Nissan also rebutted the finite element analysis modeling conducted by Mr. Friedman which was intended to demonstrate feasible alternative designs. Instead, Nissan presented evidence to show that the modeling was inaccurate and scientifically unsound.

Plaintiffs’ sought approximately $18 million in damages (legal interest would have raised the total to nearly $25 million). The jury returned a verdict holding Jamie Adams 50% at fault and each of the two doctors 25% at fault.

Plaintiffs experts were Keith Friedman and Murat Okcouglu from Friedman Research, and Anthony Sances of Biomechanics Institute, all of Santa Barbara, California.

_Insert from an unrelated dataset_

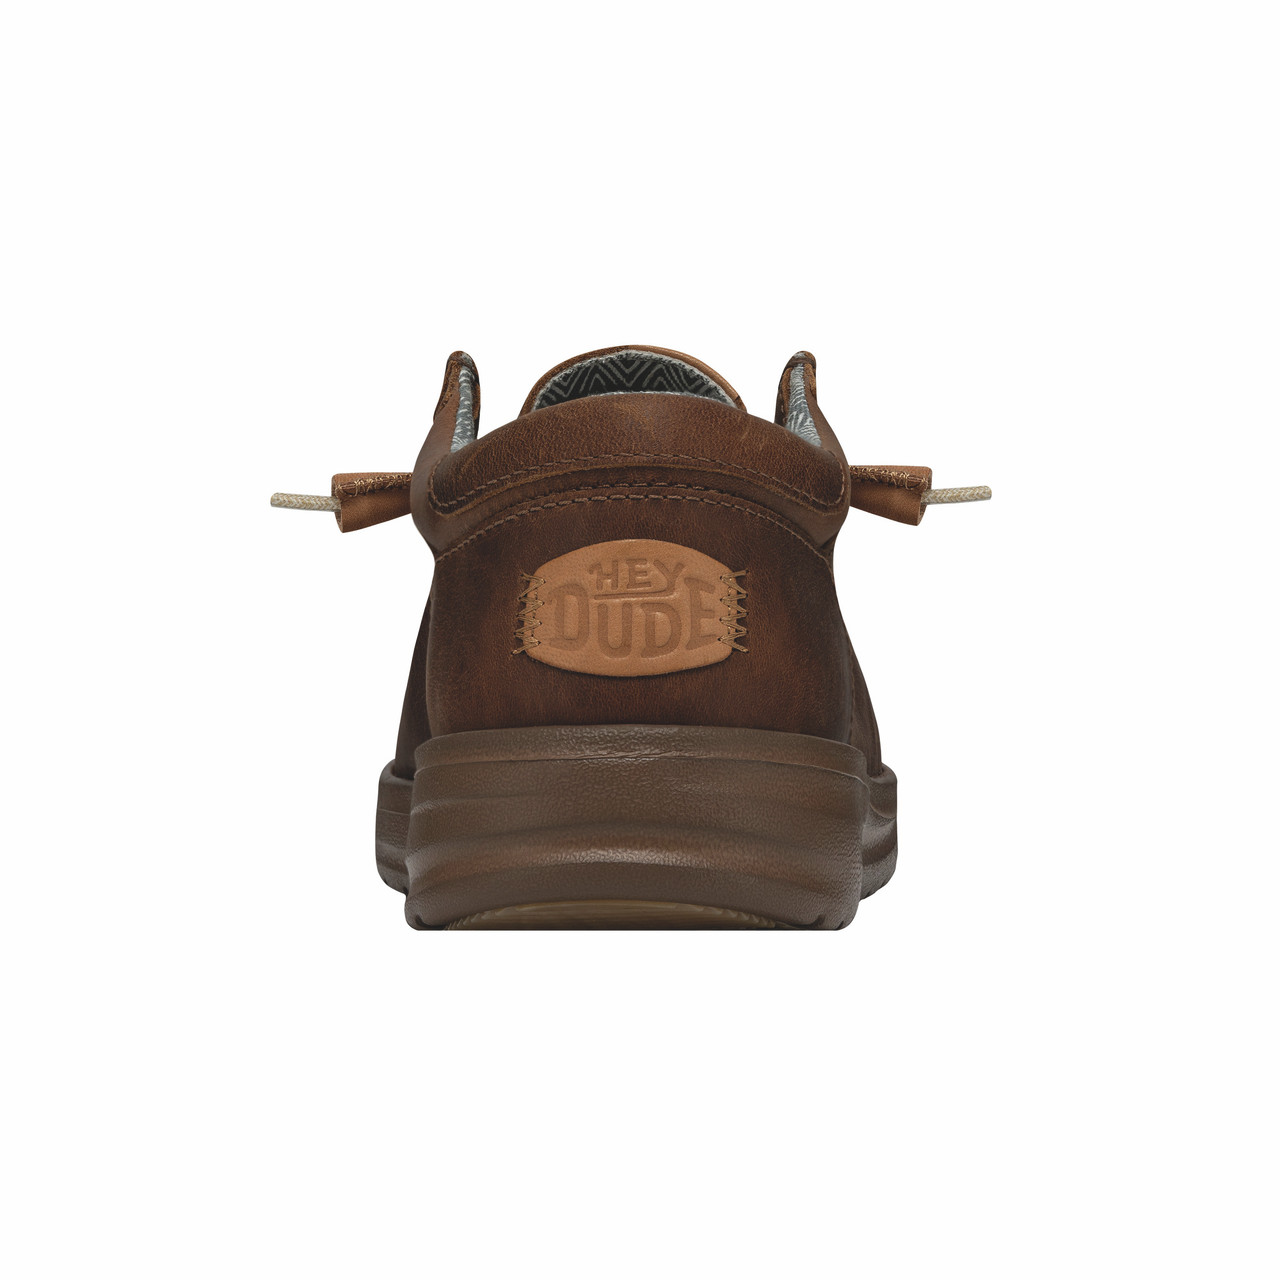 WALLY GRIP CRAFT LEATHER BROWN 40175-255 HEY DUDE

Expert witnesses for the defense were Garry Bahling, Vehicle Assessment Consulting, Inc. of Metamora, Michigan, on roof design and testing; Robert Rucoba, Carr Engineering of Houston, Texas, on accident reconstruction; Larry Petersen, Consulting Automotive Engineer of Grosse Point Park, Michigan, on brake design and testing; and Kelly Kennett, InSciTech of Suwanee, Georgia, on finite element analysis modeling.

Plaintiffs were represented by Jerald Block and Matthew Block of Block Law Firm in Thibodaux, Louisiana and Darryl Carimi of Carimi Law Firm in Metairie, Louisiana.

Nissan was represented by Keith W. McDaniel and Lance B. Williams of McCranie, Sistrunk, Anzelmo, Hardy, McDaniel & Welch of Covington, Louisiana.